Trump’s stated intention to cancel or renegotiate the deal with Iran will be difficult to deliver and few expect such an annulment to materialise in the short term. The current assessment in Jerusalem is that at most Trump will try to reopen some of the deal’s clauses. Yet even if he keeps the deal untouched, he will likely delegitimise the Mullahs’ rule, openly disparage its ways, and actively help the regime’s opposition.

A big riddle will be Trump’s treatment of Russia in general, and its Middle Eastern interventions in particular. His stated aim to cooperate with Moscow in defeating ISIS is seen in Israel as a practical course, but few understand how such cooperation will sit with Russia’s role in the Syrian regime’s ongoing massacre of its own people.

Similarly, no one knows what Trump makes of Russia’s renewed penetration into Egypt. He might let that be, but he might also seek Egypt’s restoration to America’s fold, and the revival of its role as the West’s Middle Eastern pivot, perhaps by helping the el-Sisi Government out of the economic crisis with which is currently struggling.

The Palestinian situation will likely be, from Trump’s viewpoint, on the margins of these much bigger issues. Still, on Netanyahu’s right flank Trump’s upset win has kindled hopes for a reinvention of the American attitude toward the Arab-Israeli conflict.

“Trump’s victory is a great opportunity to immediately announce a retreat from the idea of establishing Palestine at the heart of the land [of Israel], which would be a direct blow to our security and justice,” said Education Minister Naftali Bennett, head of the nationalist-religious Bayit Yehudi faction. “This is the president-elect’s philosophy as it appears in his platform, and that should be our path,” he added, and concluded: “The Palestinian-state era is over.”

While that statement clearly conveys the extreme Israeli Right’s wishes, its validity as a prediction remains to be seen.

For now, the Israeli Right prefers to take Trump’s unreservedly pro-Israeli statements at face value. They thus expect him to start by delivering on his vow to relocate the American embassy from Tel Aviv to Jerusalem, a move Washington had been reserving until the aftermath of a future Israeli-Palestinian peace deal.

The timing and nature of Trump’s moves concerning Israel will depend to some extent on the appointments he makes.

West Bank settlers derive particular inspiration from the fact that one of Trump’s senior advisers, David Friedman, is a veteran and public supporter of their cause. Rumours that Friedman will be Trump’s special Middle East envoy underscored reports that trenchantly pro-Israel former Ambassador to the UN, John Bolton, is one leading contender for secretary of state, and that candidates for other key cabinet positions will go to other supporters of the Israeli Right, like Rudy Giuliani or Newt Gingrich.

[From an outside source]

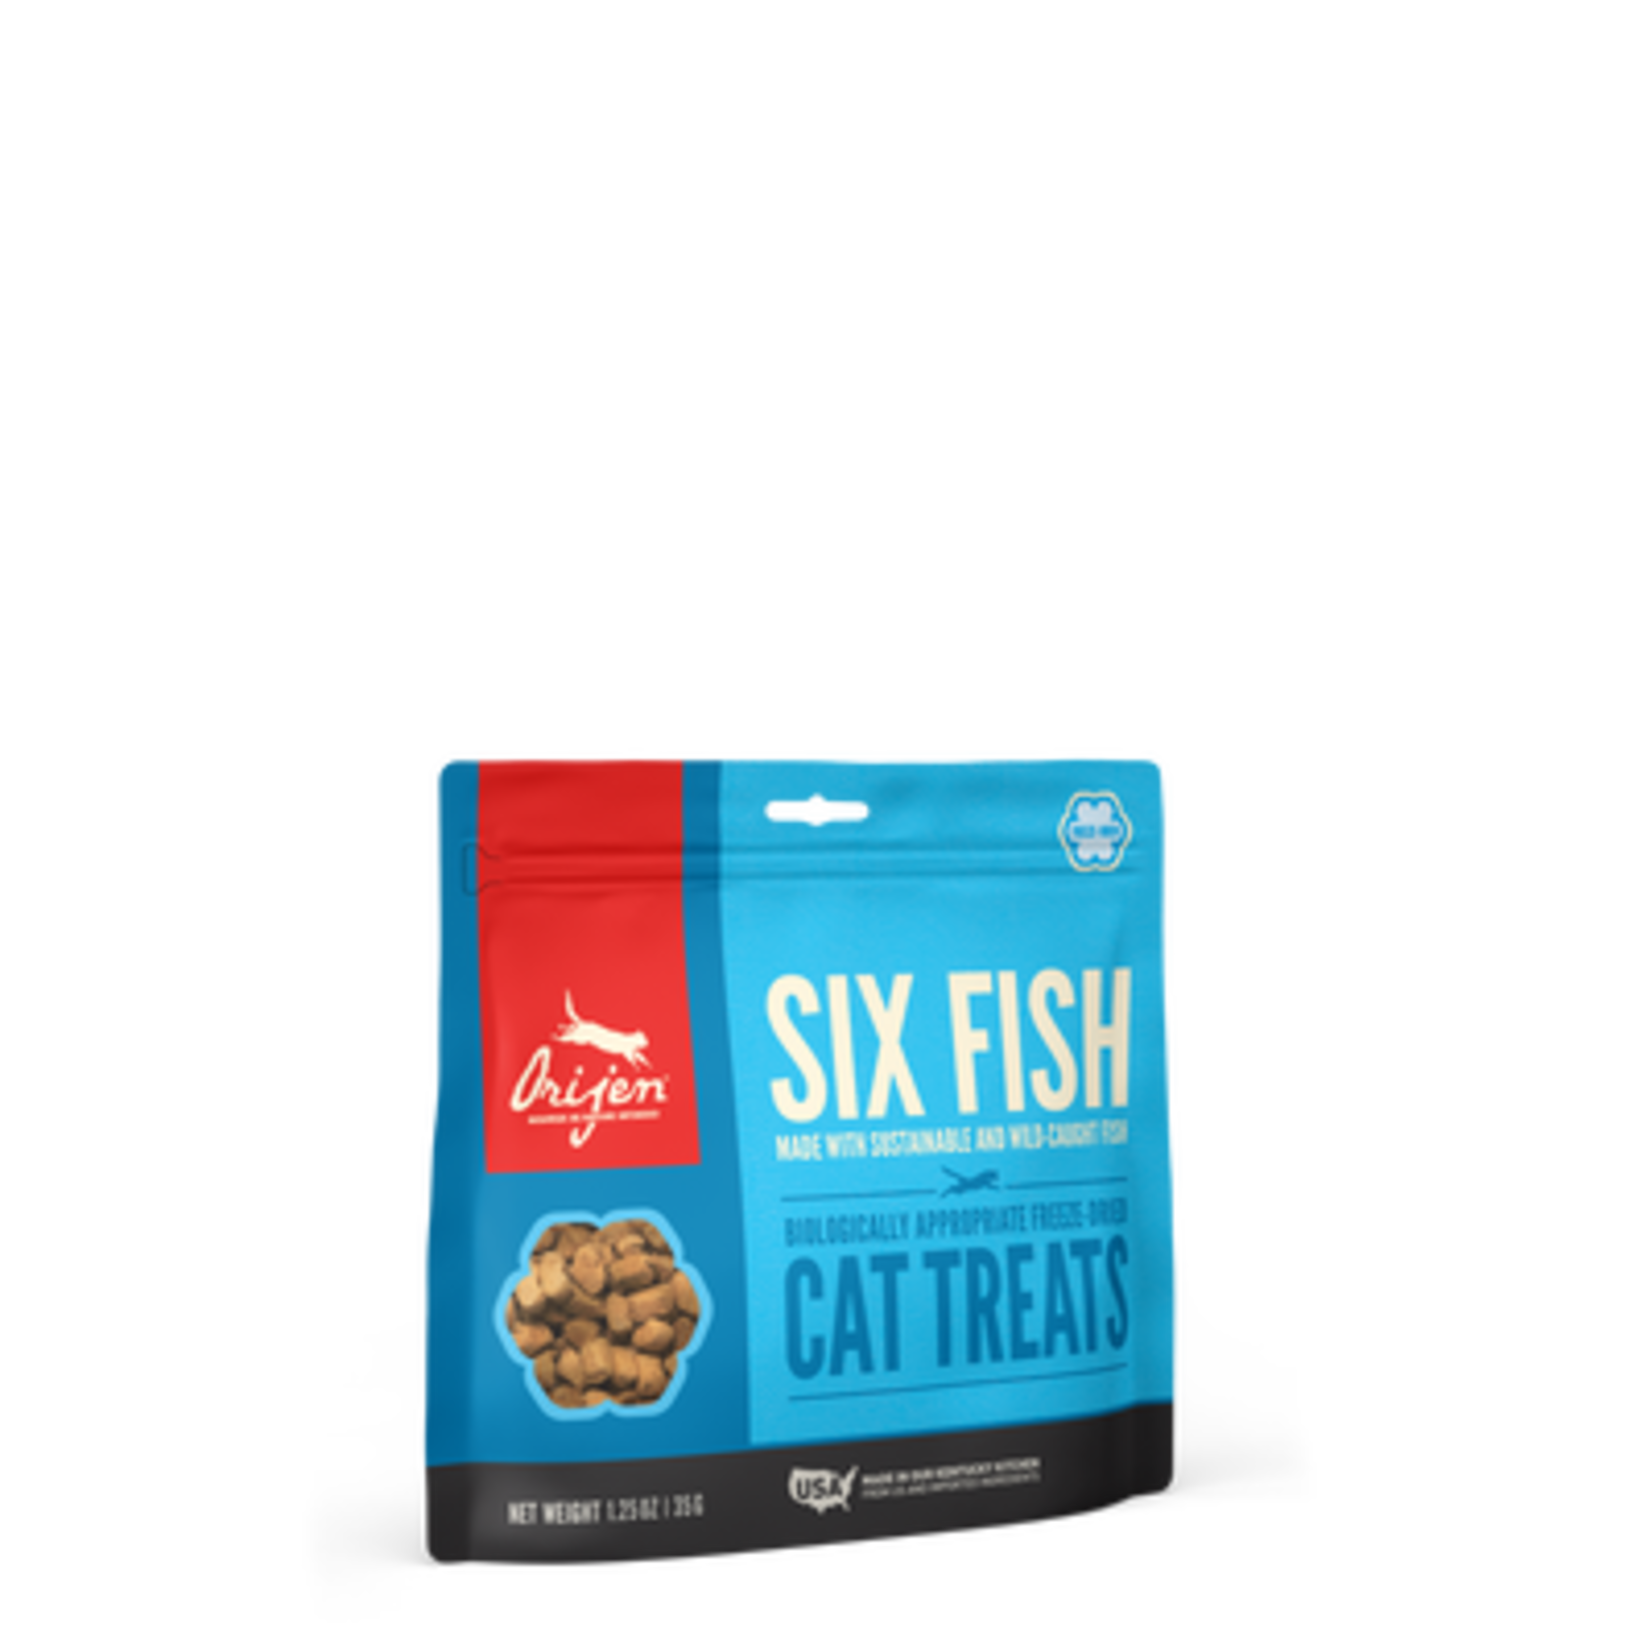 Orijen Orijen Freeze Dried Cat Treats 6 Fish Recipe with Sustainable & Wild-Caught Fish Mackerel, Flounder, Monkfish, Herring, Redfish, & Hake1.25oz

Such appointments will surely make Netanyahu and his aides feel they are among friends when dealing with the new administration. However, policy may well end up shaped by stubborn realities and sudden events that will prove stronger than any individual in the Trump operation, including Trump himself.

The best walking testimony of the power of these external dynamics is Trump’s predecessor.

The same Obama who delivered the Cairo Speech ended up delivering to Israel the most generous military aid deal it has ever received. That happened because, as the years elapsed, the man who had originally set out to appease the Muslim world was staring at a disintegrating Middle East, where Israel’s stability and loyalty to Uncle Sam proved to be the only anchor on which Washington could durably rely.